In the merge proposal, Kennedy described Twenty Seventeen as “an ambitious theme that focuses on a creative home page and an easy site setup experience for users.” It is the first default theme designed specifically for business websites. The theme includes four customizable panels on the front page (as seen in Kennedy’s demo video below), which can be set to display content from existing pages. It includes support for uploading a custom logo and uses SVG icons throughout the theme, which Kennedy notes is a first for a default theme.

Twenty Seventeen will offer three different options for a color scheme: light, dark, or custom (which can be set via a user-friendly color-picker):

“Twenty Seventeen will ship with its current implementation of panels in the theme and without video headers,” Kennedy said during yesterday’s core development meeting. A ticket for adding core support for video headers is open on Trac and contributors are still working out all of the intricacies of the feature. It may not be ready to ship with the first version of Twenty Seventeen, but it’s an exciting step forward for standardizing an approach for developers who want to build video headers into their themes.

“Video headers are definitely doable,” Nick Halsey said during yesterday’s meeting. “It’s a matter of getting consensus on the best approach on the ticket.”

Contributors have also discussed creating a multi-panel page that lets users select content for the different sections.

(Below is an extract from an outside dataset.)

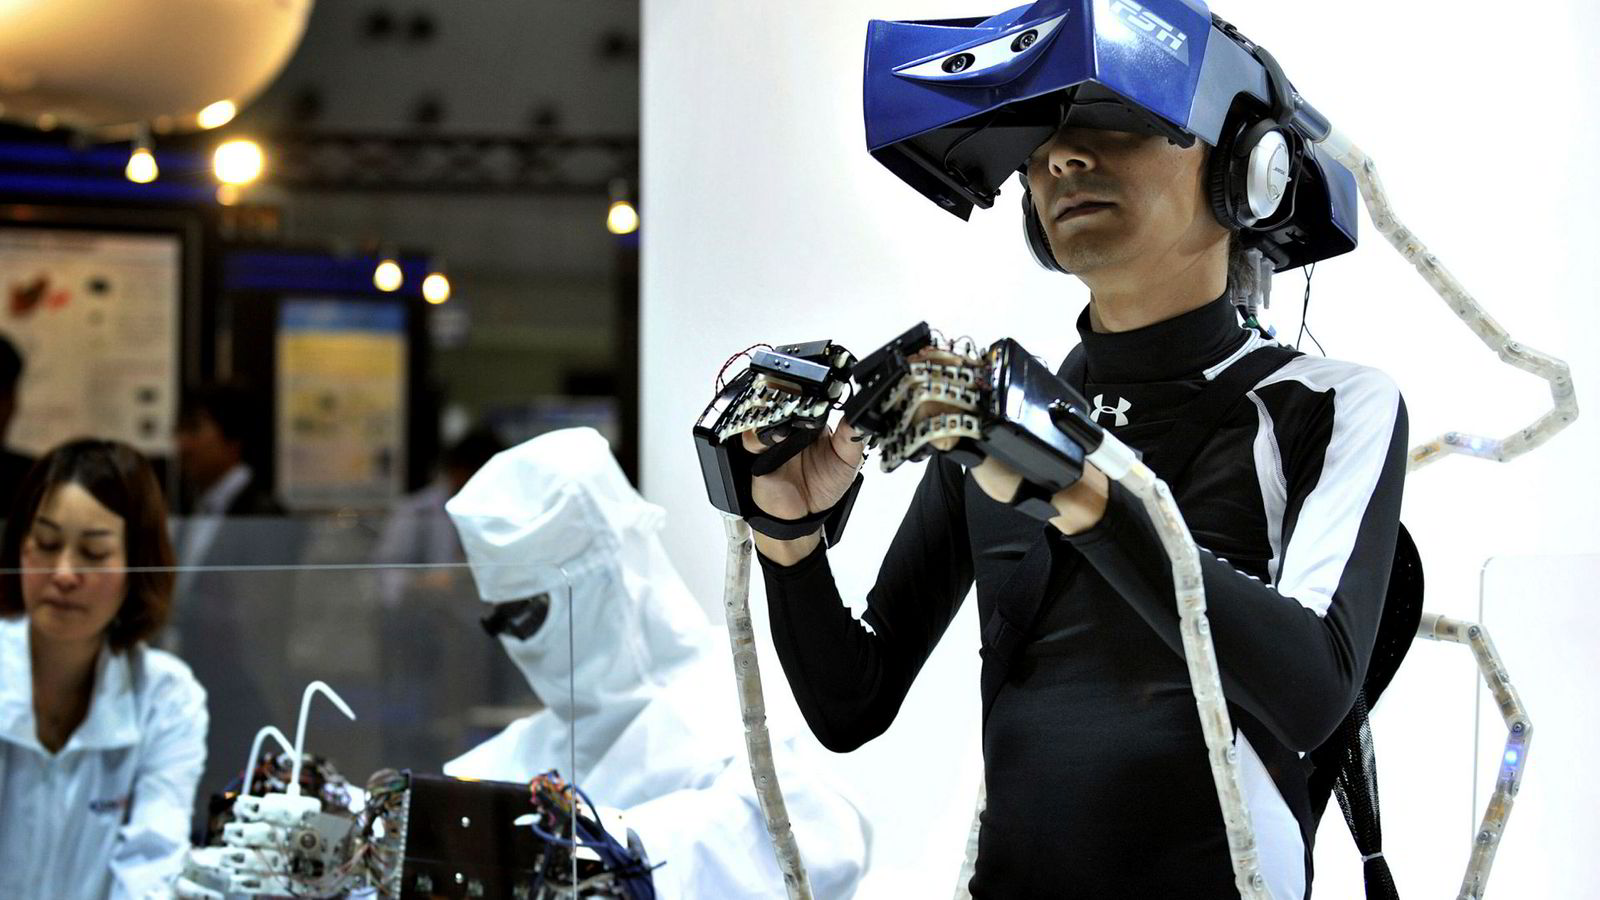 Mulighet til fjernstyring av roboter åpner for at arbeidsplasser kan flyttes langt unna selve roboten, til land hvor arbeidskraften er langt billigere.

It would benefit Twenty Seventeen but contributors are considering giving it more time in development as a feature plugin.

“Regarding multi-panel, I’d agree that it’s not going to make it,” Kennedy said in the #core Slack channel today. “That isn’t to diminish the awesome work done so far, but it needs more. I’d like to start making plans for it to be a feature plugin, perhaps. I want to see the momentum continue. Core needs a solution around this, and it will take more people to help make it even better.”

Twenty Seventeen has had 59 contributors to date and may gain a few more before the 4.7 release cycle is finished. The theme will benefit from testing in as many different environments as possible, since it will immediately be high profile as the next default WordPress theme.